COLLECTED DATA:

+--

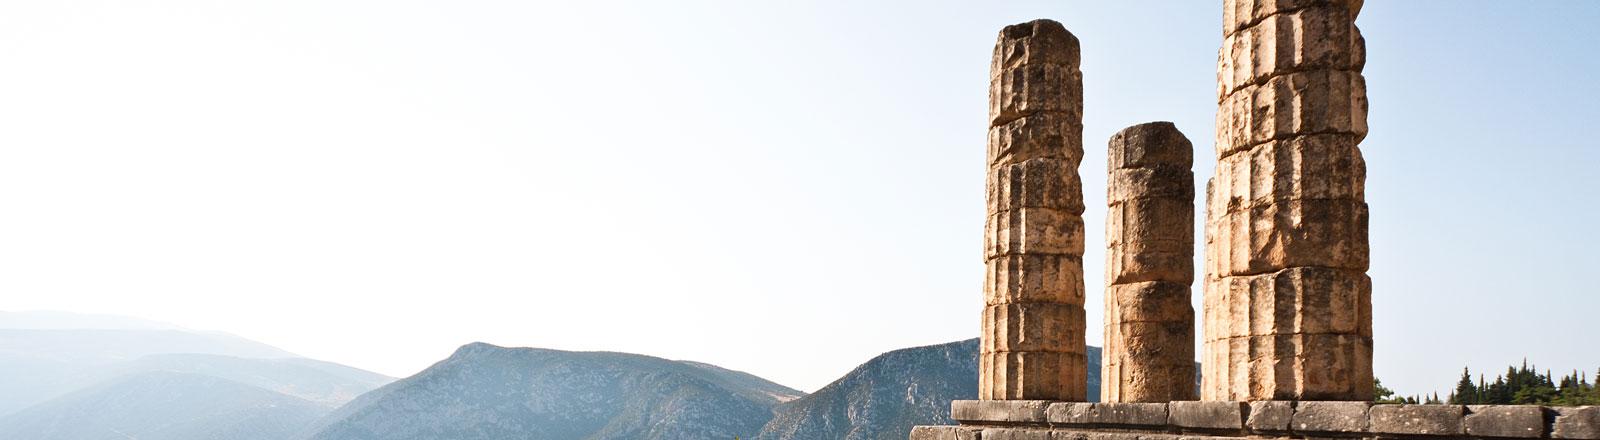 Tempel des Apollo
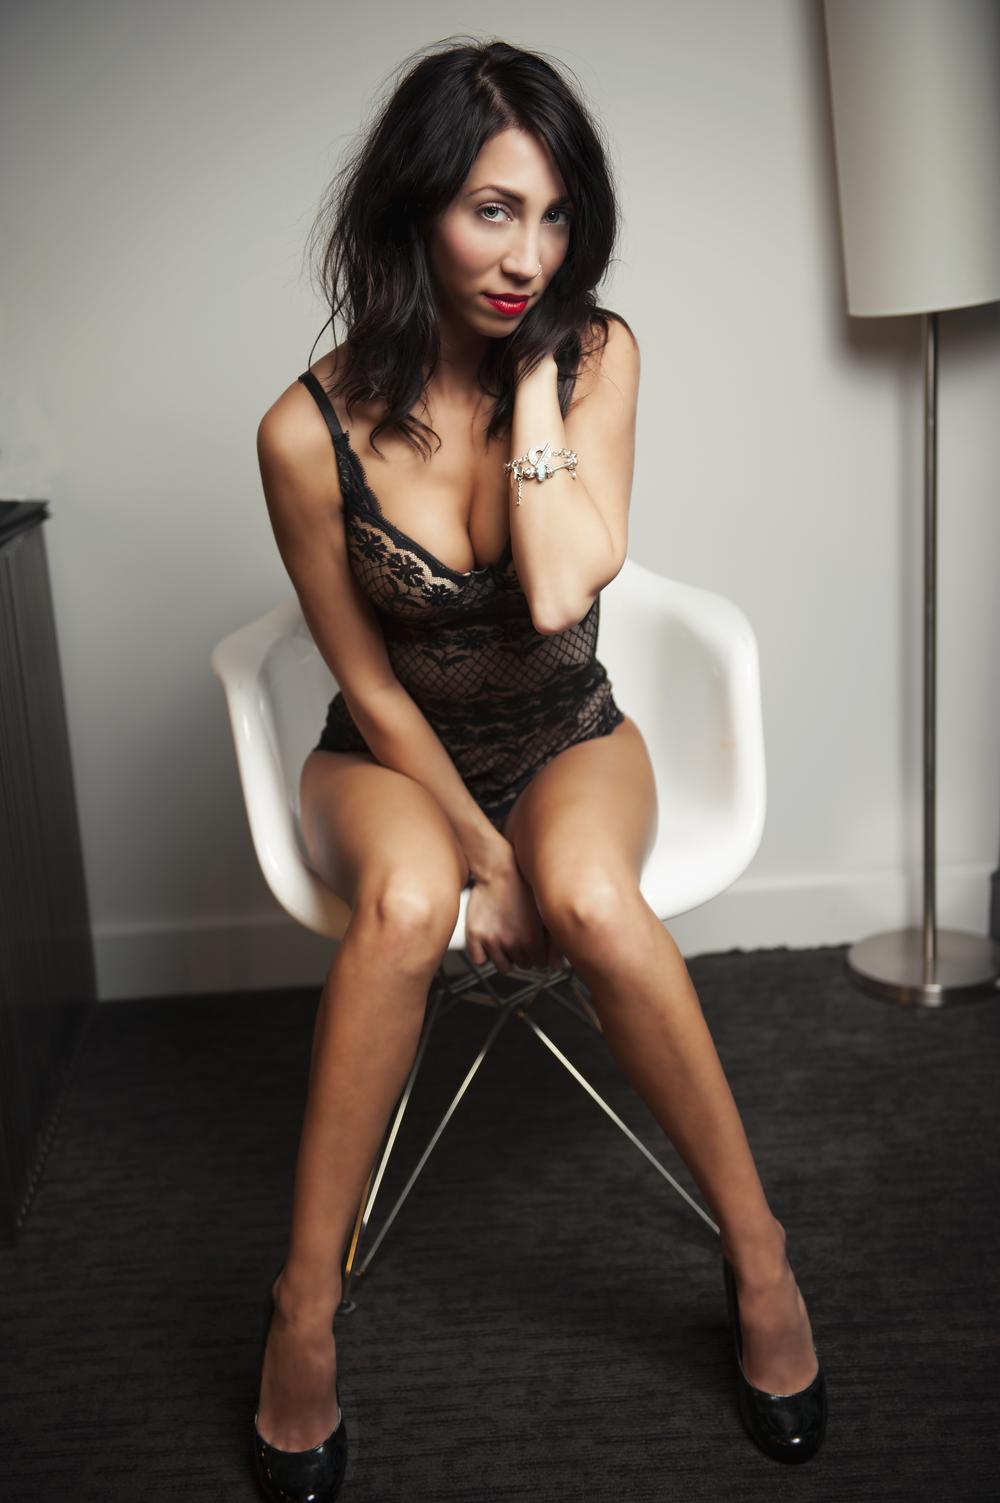 Ash sexy chair - Print.jpg
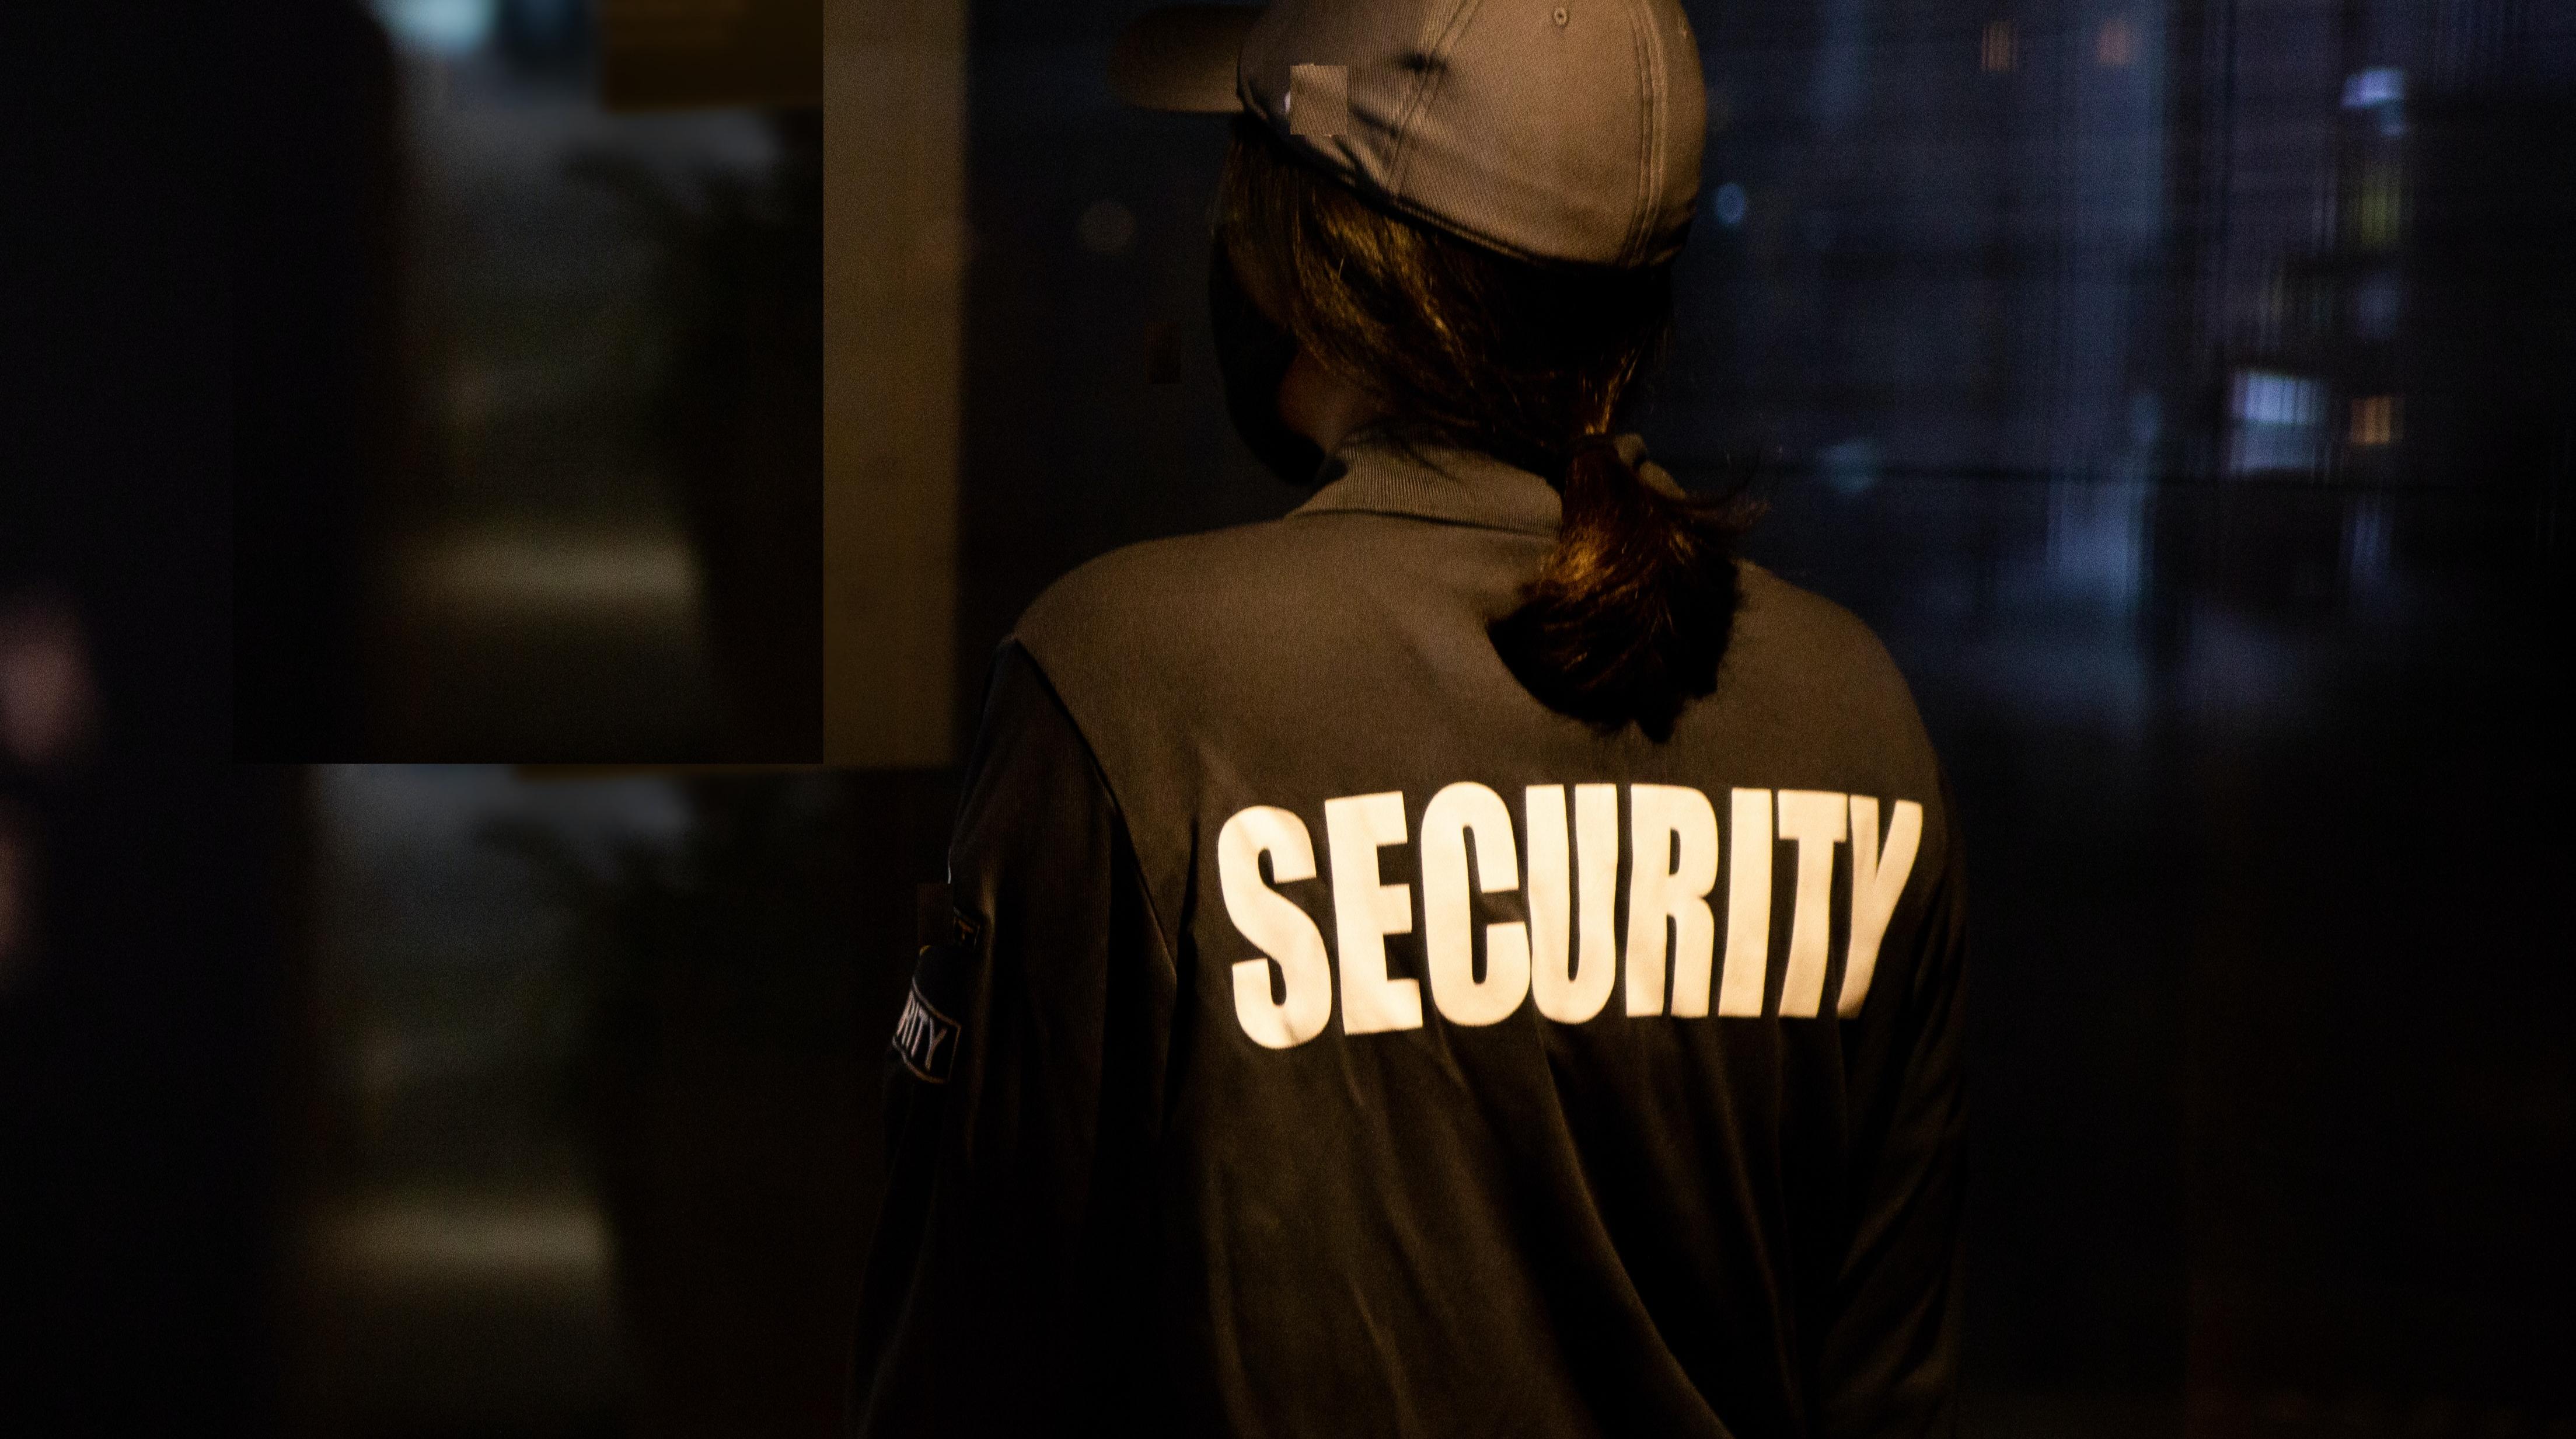 flex-point-security-ut4dQ0KqsQE-unsplash-copy.jpg
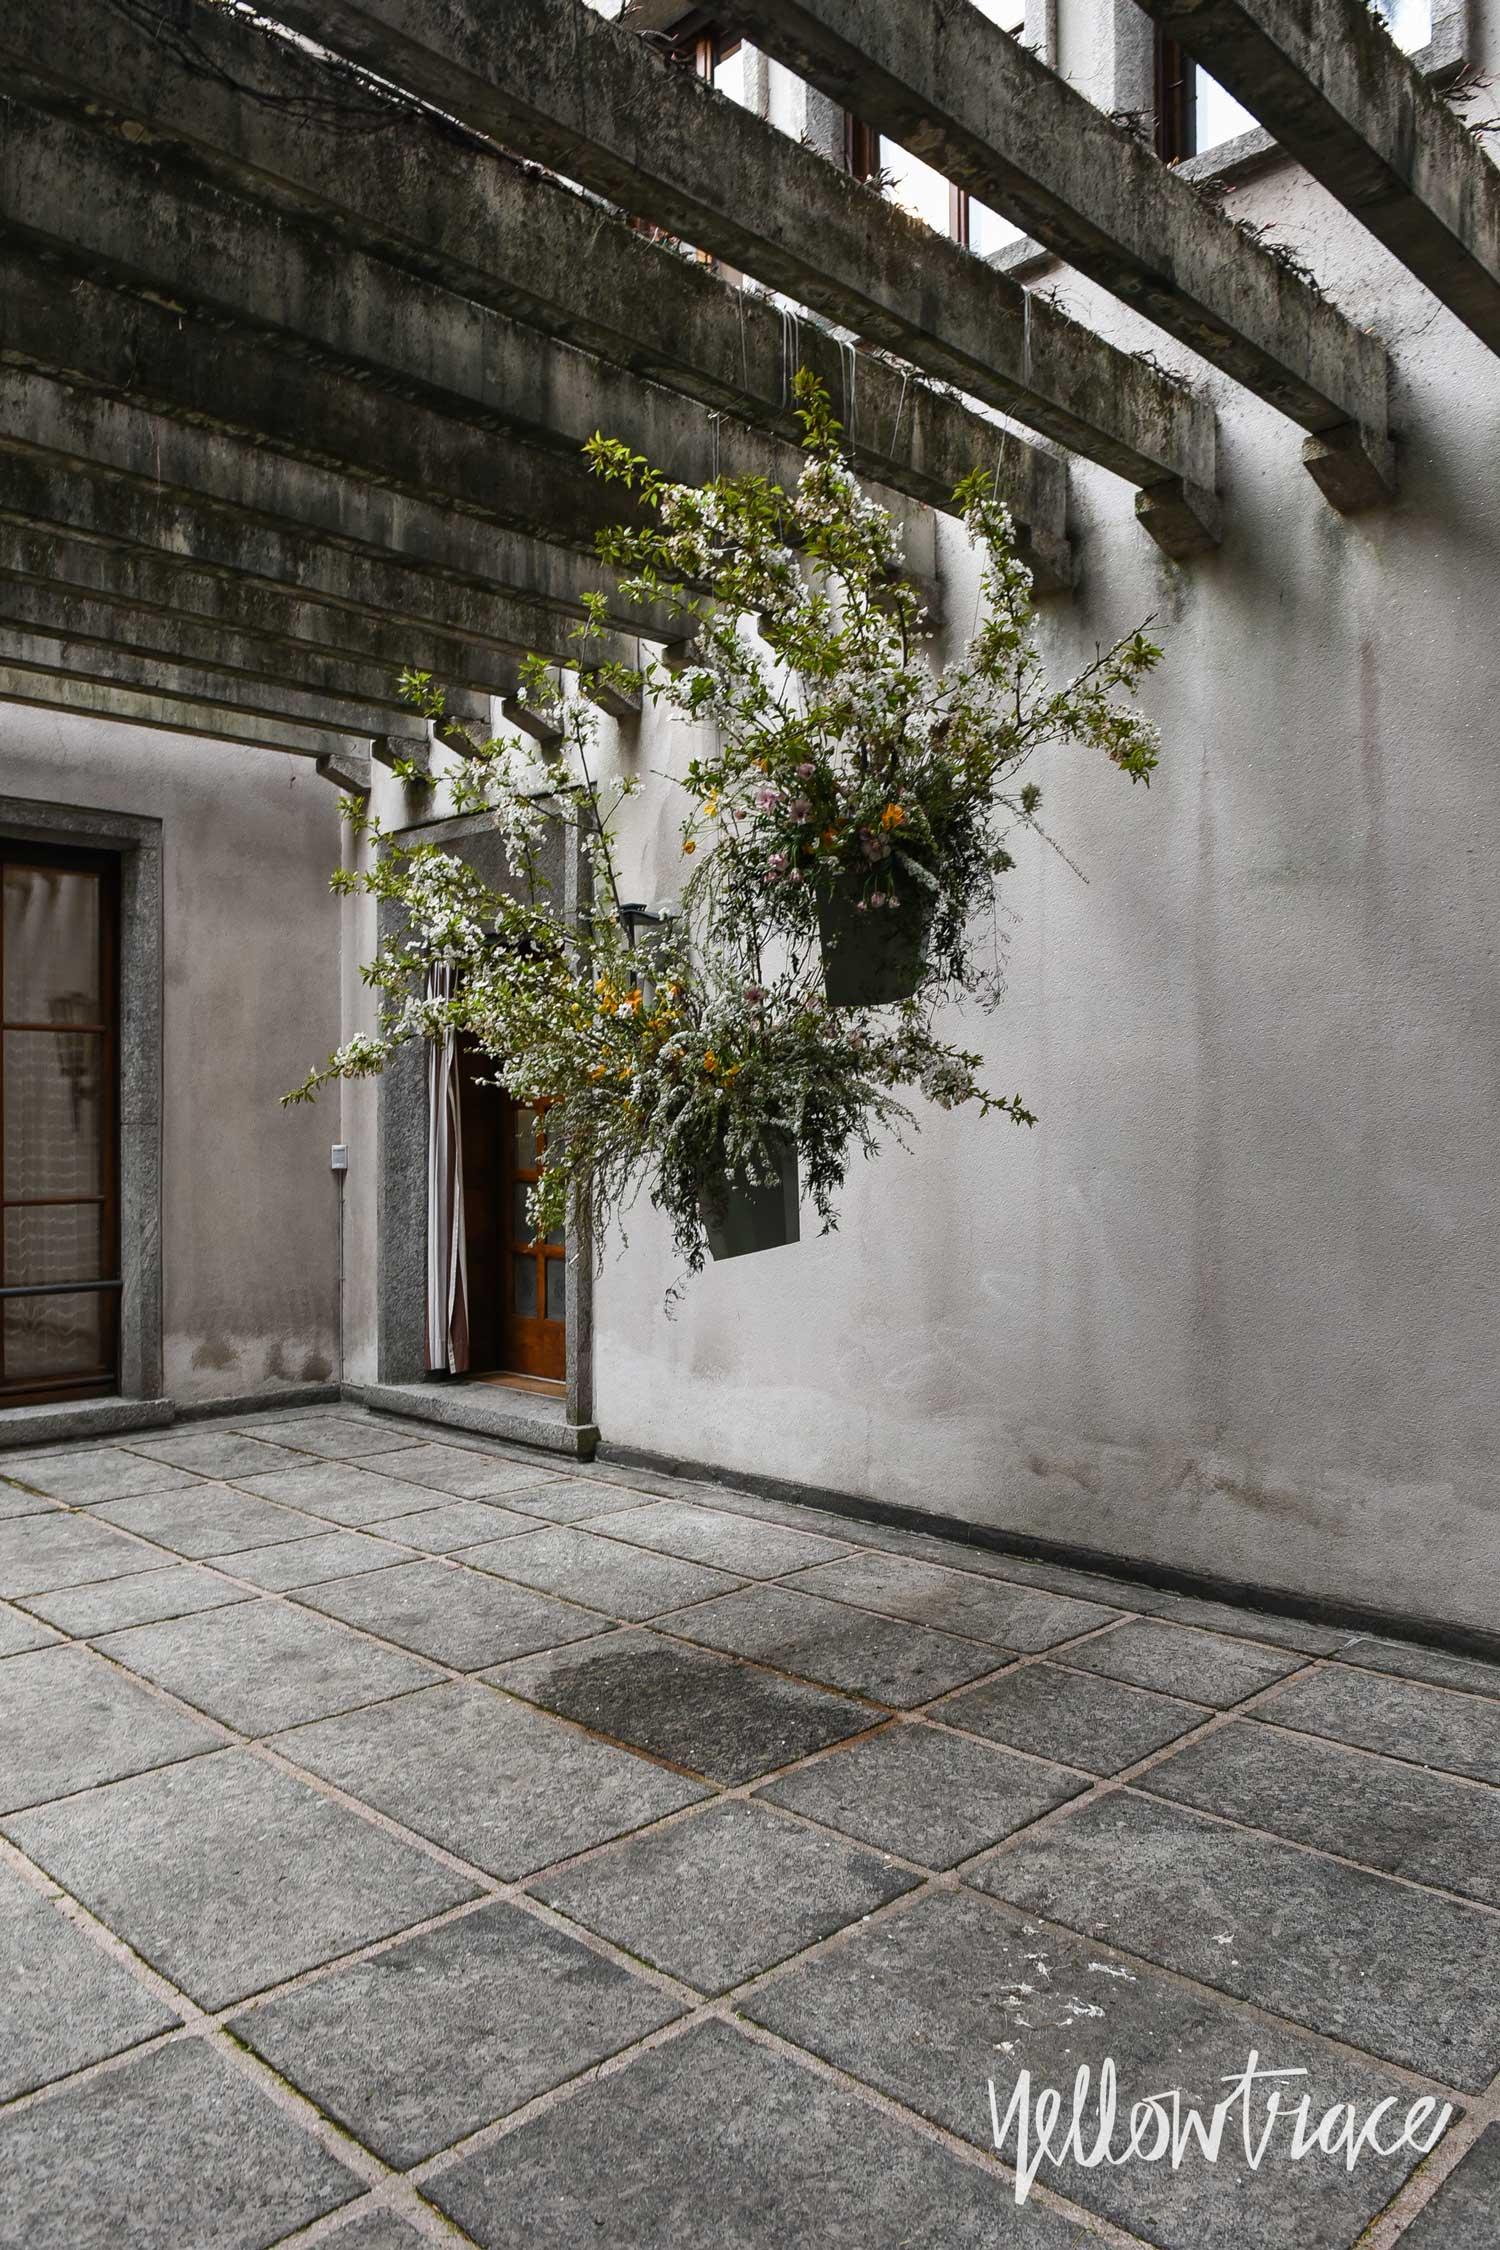 Villa Borsani: Osvaldo Borsani's 1943 Jewel in Veredo, Italy. Photo by Nick Hughes | #Milantrace2018

+--

WHAT IS EXPECTED: Write out every line of the listing exactly as written, and leave the pictures out.

ANSWER SECTION:
 Tempel des Apollo
 Ash sexy chair - Print.jpg
 flex-point-security-ut4dQ0KqsQE-unsplash-copy.jpg
 Villa Borsani: Osvaldo Borsani's 1943 Jewel in Veredo, Italy. Photo by Nick Hughes | #Milantrace2018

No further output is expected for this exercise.